Work required >> All that is needed is the line containing "led color changing" and the lines after it to the end of the material, written out exactly, pictures left aside.

Raw data >>

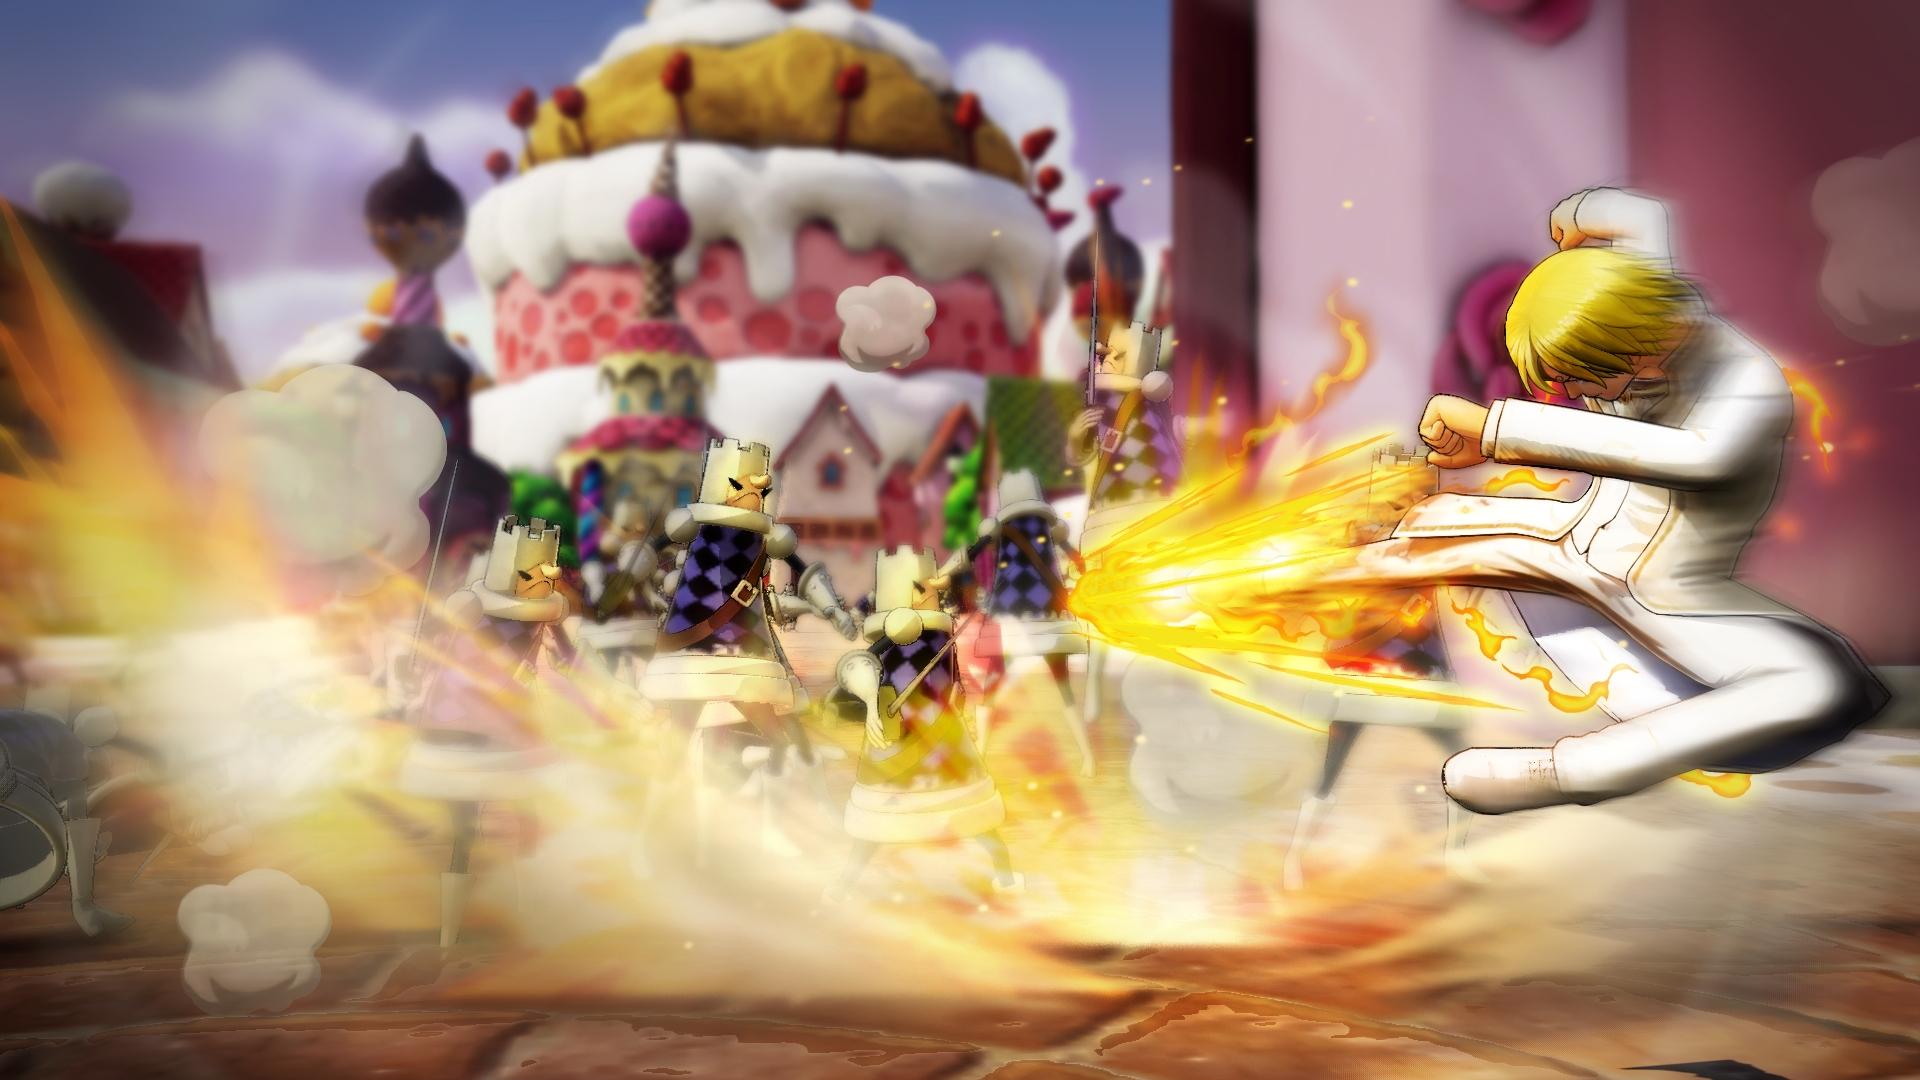 GC 2019:《海贼无双4》中文版实机预告首曝 大量新截图公开
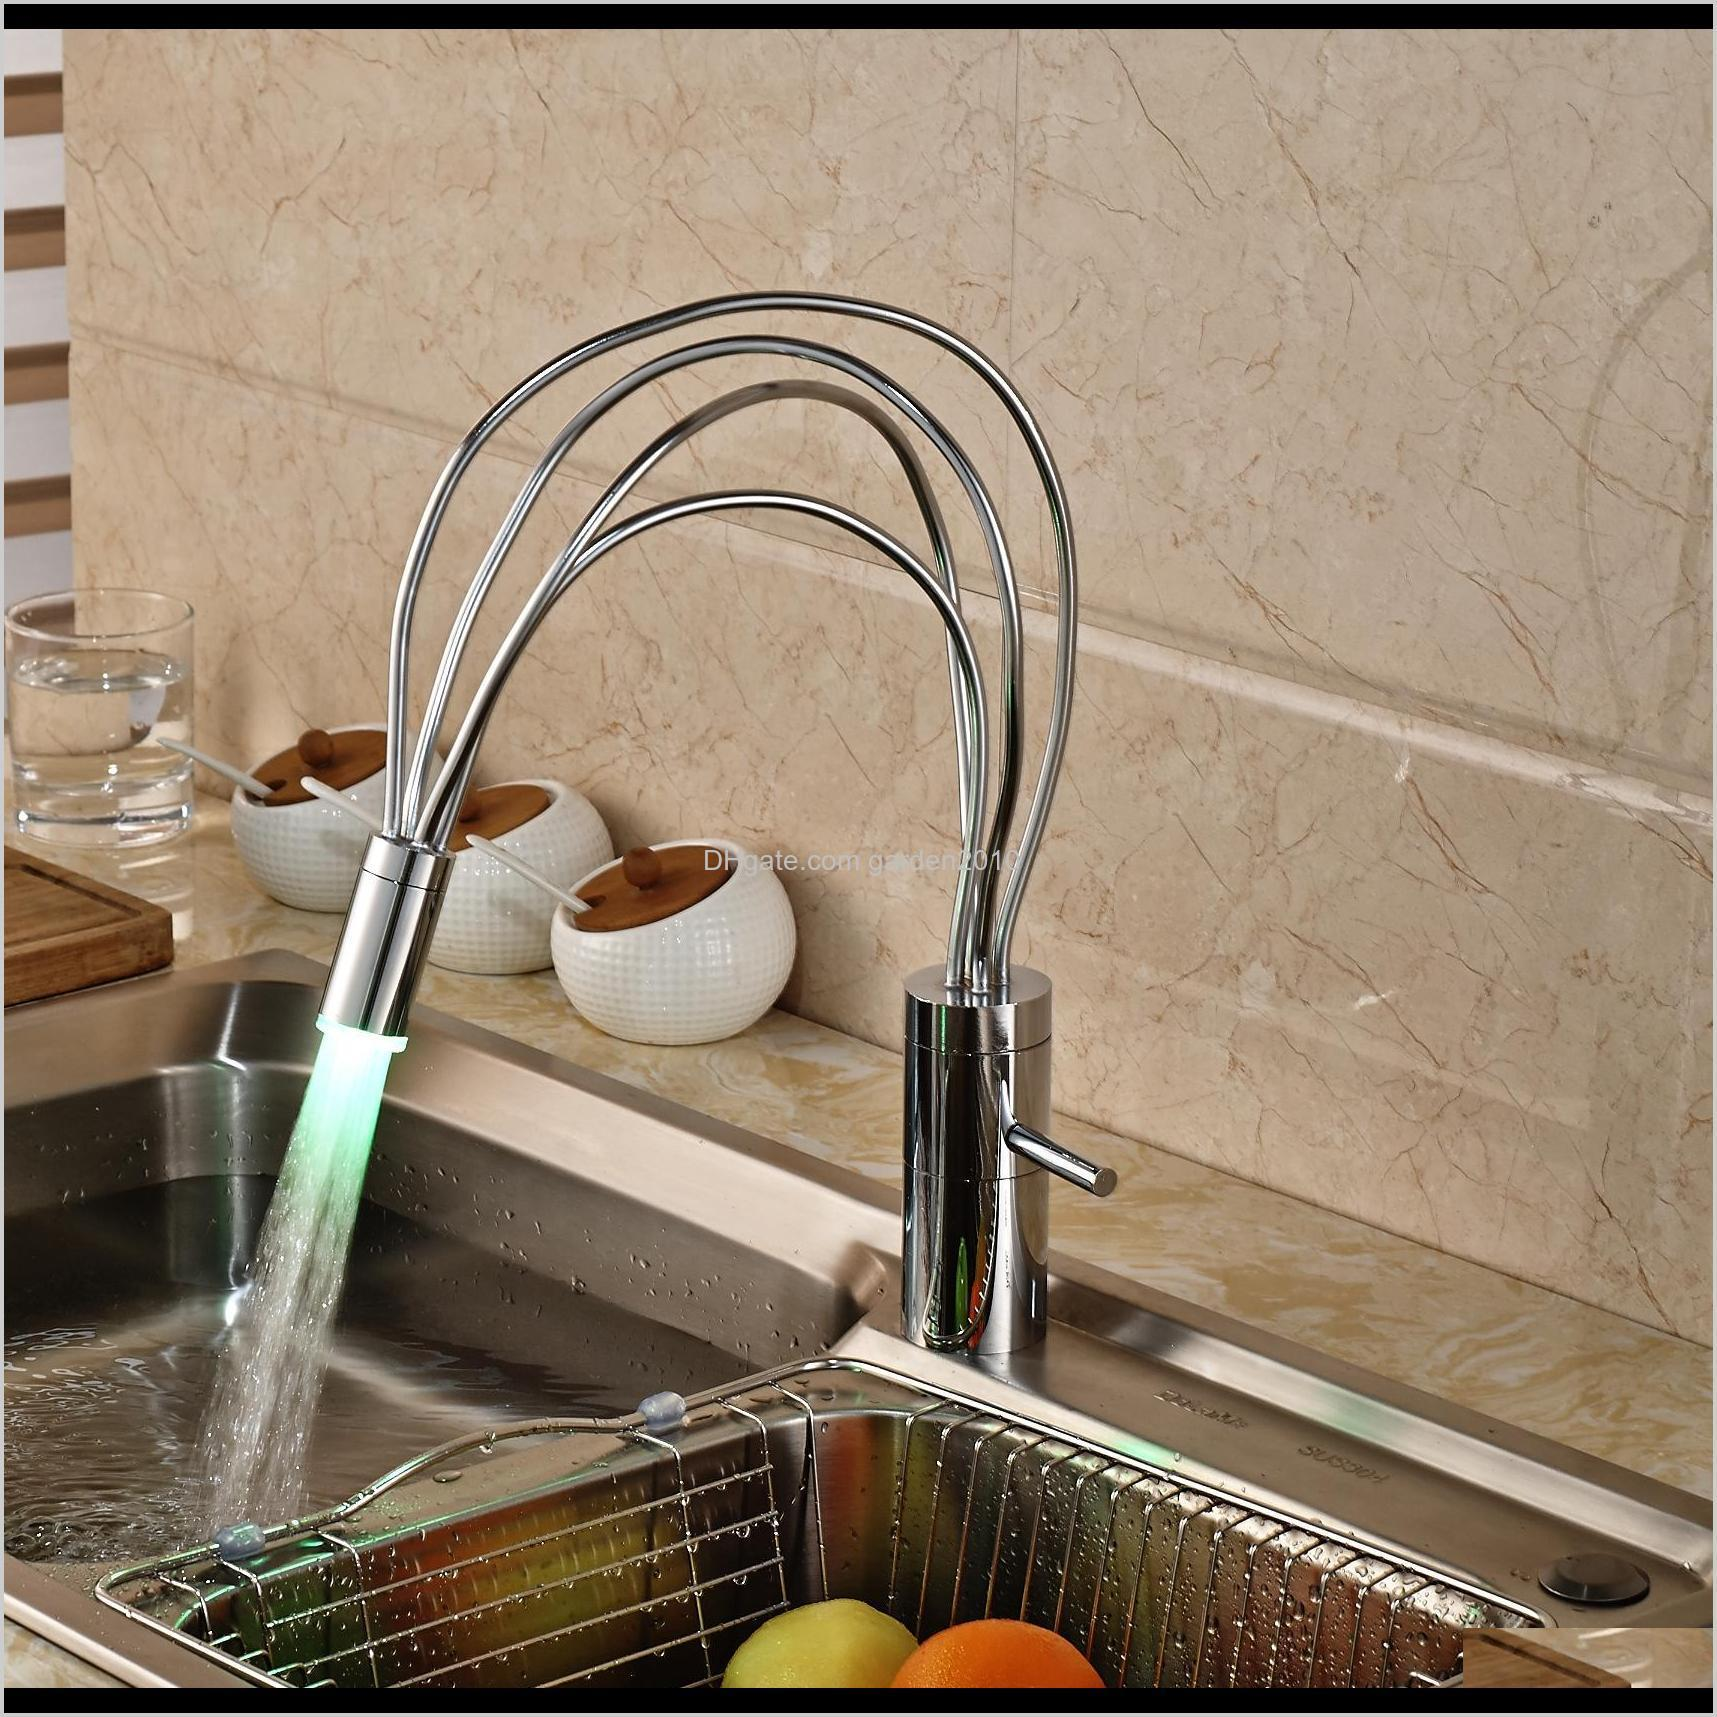 led color changing chrome brass kitchen faucet vantiy sink mixer tap single handle hole
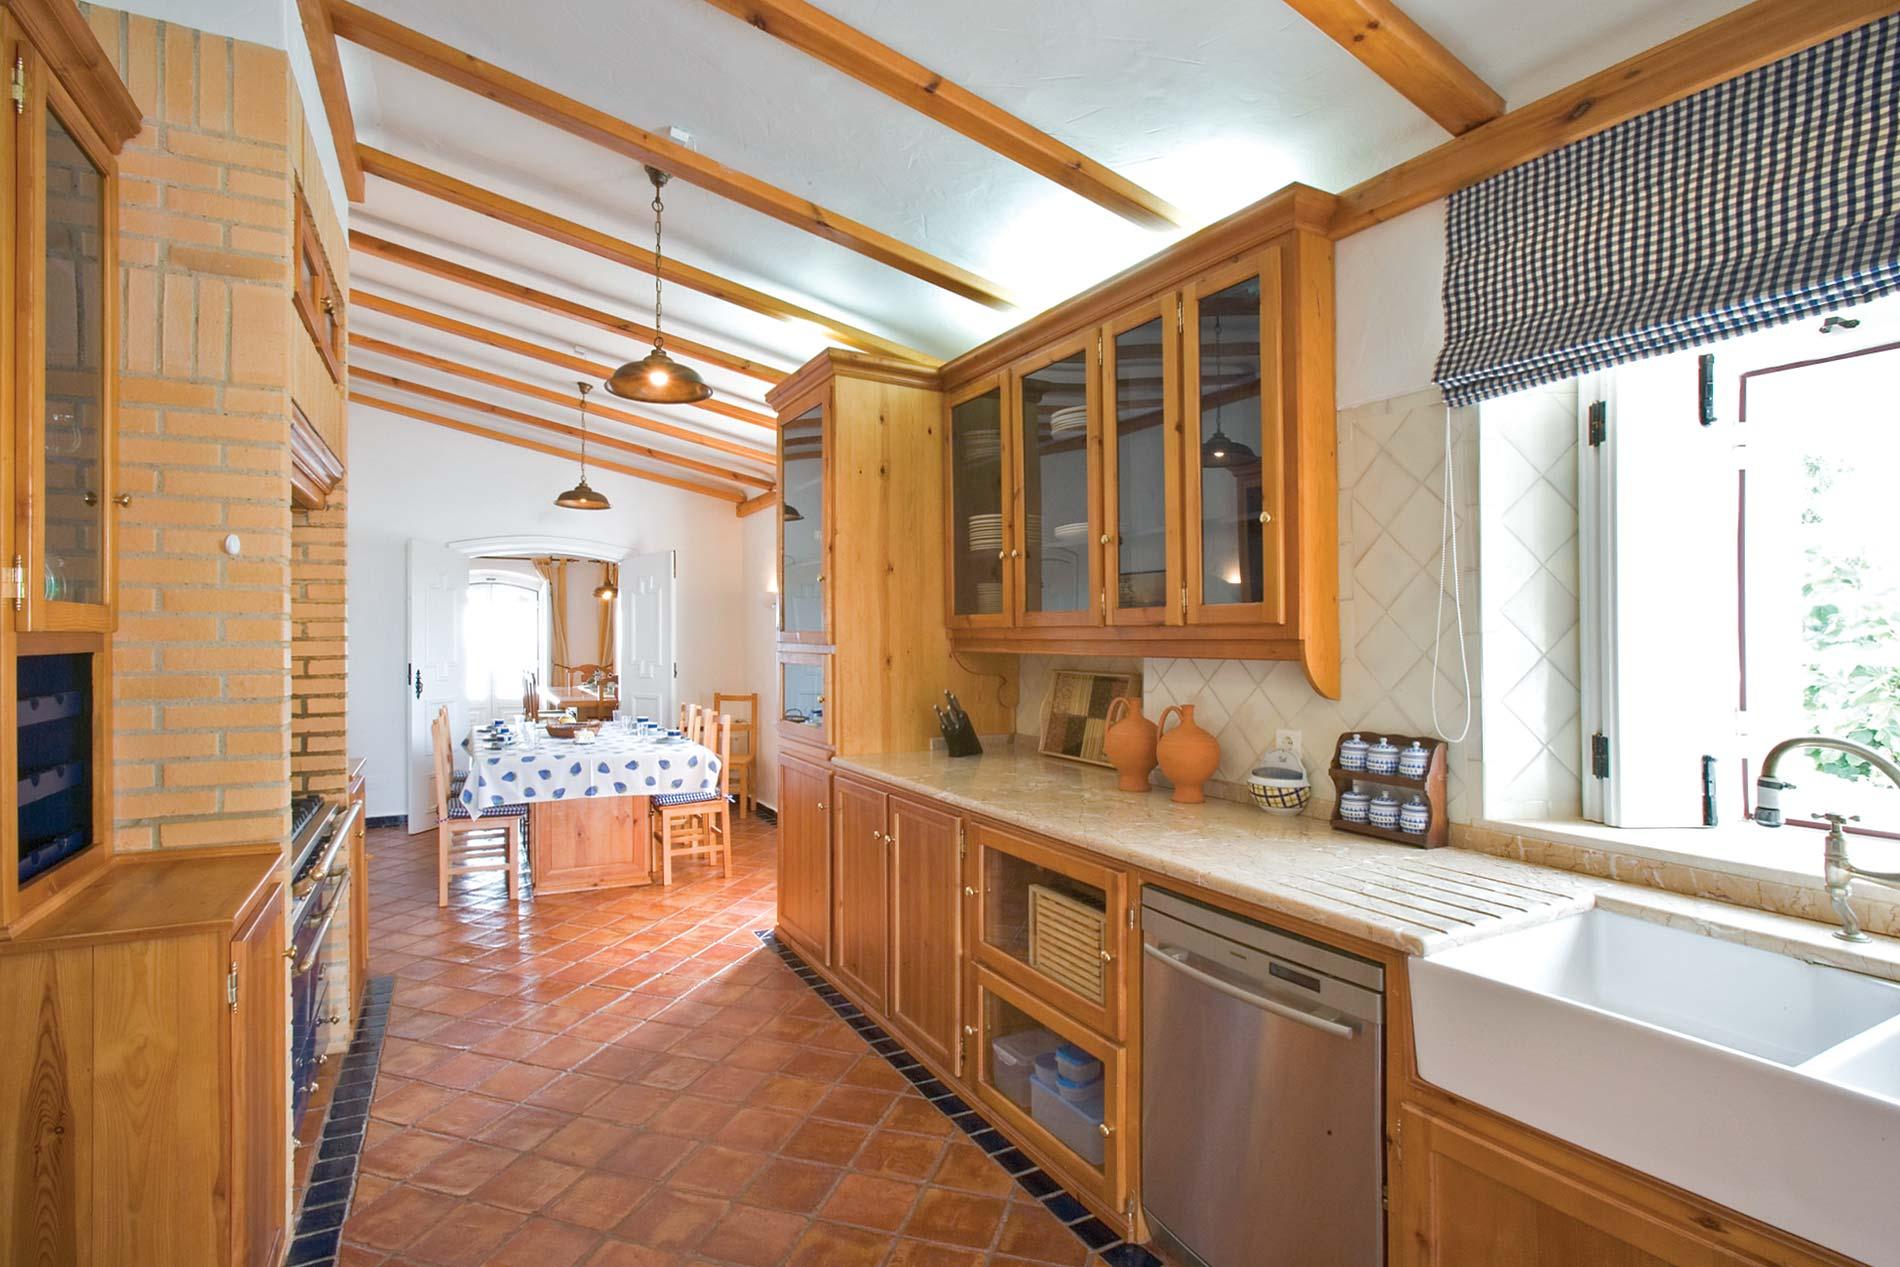 Villa Casa Cahombo in Boliqueime - sleeps 14 people

Task output >>
 led color changing chrome brass kitchen faucet vantiy sink mixer tap single handle hole
 Villa Casa Cahombo in Boliqueime - sleeps 14 people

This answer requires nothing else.